In these tough economic times, hiring a full-time grant writer or using a consultant may not make the most financial sense. As an alternative, small nonprofits can tap into the talents of their staff to put together grant proposals.

“What you ultimately want is to use your staff’s greatest strengths,” says Kristen Valentine, chief fundraiser for Bread for the City, a social service agency in Washington. “You want to find out what people do well and have them do it.”

Following are some tips she offered on training staff to write grant proposals.

Assess the staff. Who are the best communicators, organizers, strategic thinkers? Who’s good with graphics?
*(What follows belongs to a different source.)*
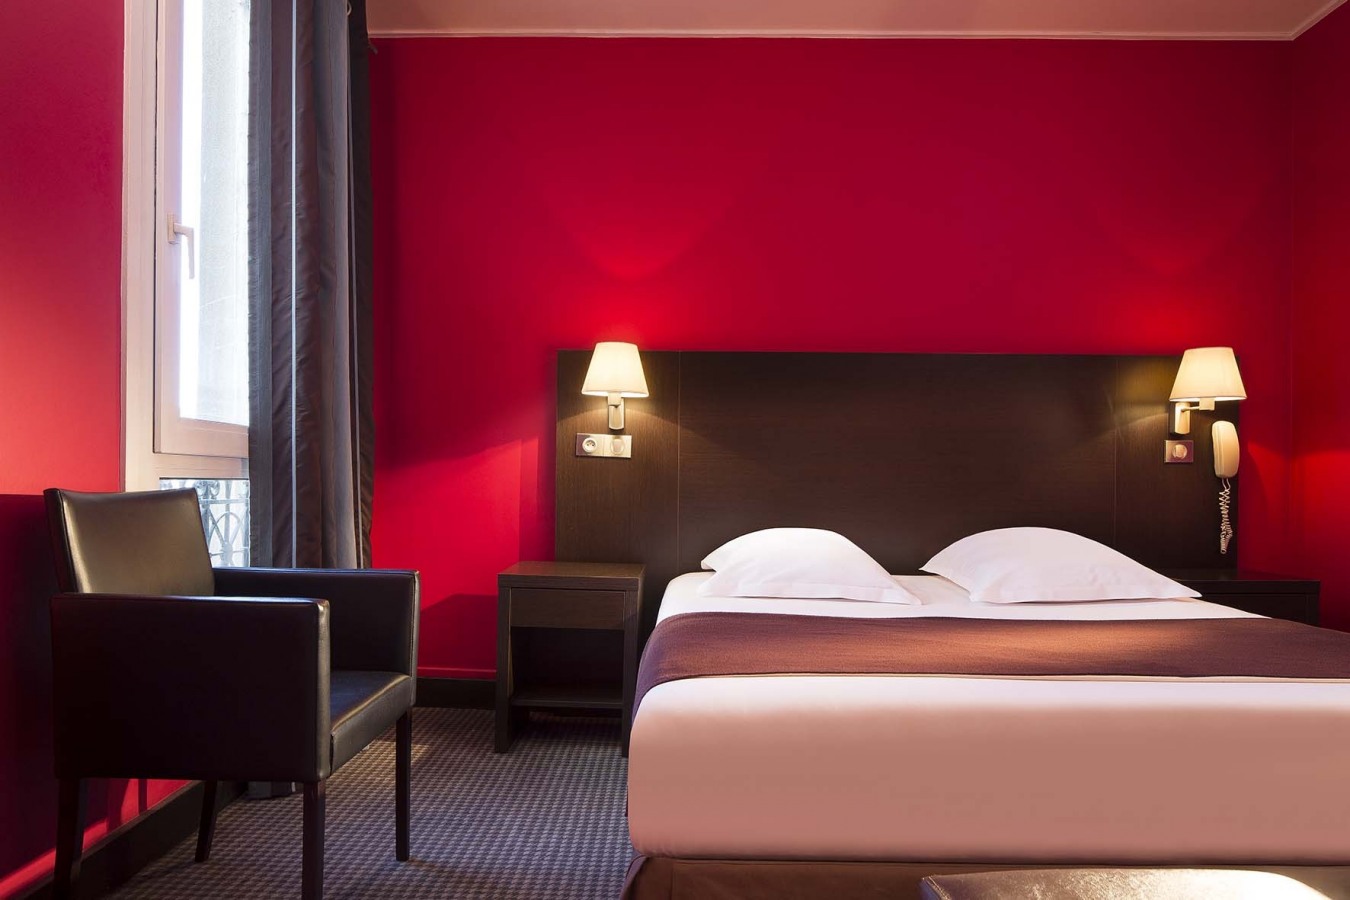 Hotel Sophie Germain - Disconoscimento

These individuals should be on your grant-writing team.

Assemble a grant-writing team. Appoint a single point person to manage the project, set deadlines, create the file system and marshal team members along. Assign writers to support the point person. Rotate team members for each grant proposal to avoid burnout and to give various staff members the opportunity to develop grant-writing skills.

Host a training. At an all-hands staff meeting, teach the basics of proposal writing and give staff an idea of the types of grants your organization will seek. Here are four important themes to cover:

  1. Measurable outcomes rule. Don’t try to measure things that are too hard to measure, says Valentine. If it will take years to reach goal, or a goal is hard to quantify, start with smaller, identifiable things such the number of meetings or communications.
  2. Sound financial statements that can back up your program are critical. Smaller programs have trouble with this, but plan ahead so that the person who will be doing the back-end reporting is the one putting together the statements in the proposal. “Foundations are poring through these sections more, and there’s much more of a push toward transparency than ever before,” says Valentine.
  3. Brevity and bullets ensure your proposal gets read. Funders read hundreds of proposals each day. You’ll do well to teach staff to make their points in short, clean, jargon-free language and to visually convey as much information as possible. Valentine says to use logic models, graphs and bullets points. “Cut back on adjectives and stop congratulating yourself so much,” she says. “If you can say it in 10 words, use 10 words.”
  4. Translate the mission. A crucial part of the writing will be aligning the program’s mission with the requirements of the grant. Foundations are giving away mostly targeted dollars, says Valentine. The writers will need to be coached to talk with program managers and work out creative ways to explain how your nonprofit will fulfill the requirements of the grant.